No pasó mucho tiempo antes de que llamaran tu nombre, la gente te miraba con prejuicios. Eras pequeño en comparación con los demás. Parecías el tipo de chico que lloraría fácilmente si te dijeran malas palabras y era verdad. Escuchar el eco de los pasos por los pasillos vacíos y los tacones de una mujer. La dama que seguramente te guiaría a tus respuestas. Era un sonido ensordecedor. En la audiencia de vuelta al escenario puedes ver las caras mucho mejor que cuando bailabas. Caras apreciadas por millones. Caras que puedes ver a diario. Caras que si trabajaras para JYP como aprendiz, llamarías seonbae pronto. Una de las muchas Seonbae era la única que realmente importaba. Tu hermana. Su sonrisa es radiante, era profesional, pero se rompió cuando te miró a los ojos. Esa misma sonrisa es lo que te salvó en tu cabeza mientras bailabas. Te sacó de tu estado oscuro.

"Se dijeron palabras."

"Se llegaron a acuerdos."

"La decisión es definitiva". Sin saber cómo sentirte, escuchaste.

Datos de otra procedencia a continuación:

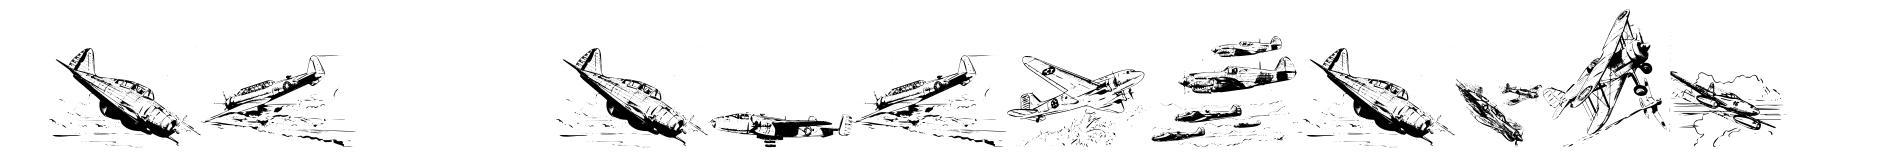 War II Wairplanes

Era lo único que podías hacer.

"Lo siento" fueron las primeras palabras que realmente escuchaste. Inmediatamente las lágrimas inundaron tus ojos.

"Lamento que tengas que volver aquí mucho más y esperamos que estés listo para el duro entrenamiento que estás a punto de afrontar".

Tu cuerpo se congeló, ¿qué es esta emoción? ¿Fue un shock? Él no sabía qué era, pero rompiste a llorar. Tu hermana, sin ser visible, te agarró y te llevó hacia la puerta.

"Lo siento, Dongsaeng, por estresarte. Debiste sentirte rechazado." Tu hermana lloró abrazándote fuerte. "Estoy muy orgullosa de ti. ¡Estuviste increíble!"

Sabías que si encontrabas a tu hermana abrazándote se armarían escándalos. Ella te llevó al auto y te dijo que lo sabía desde el principio y que nunca dudó de ti.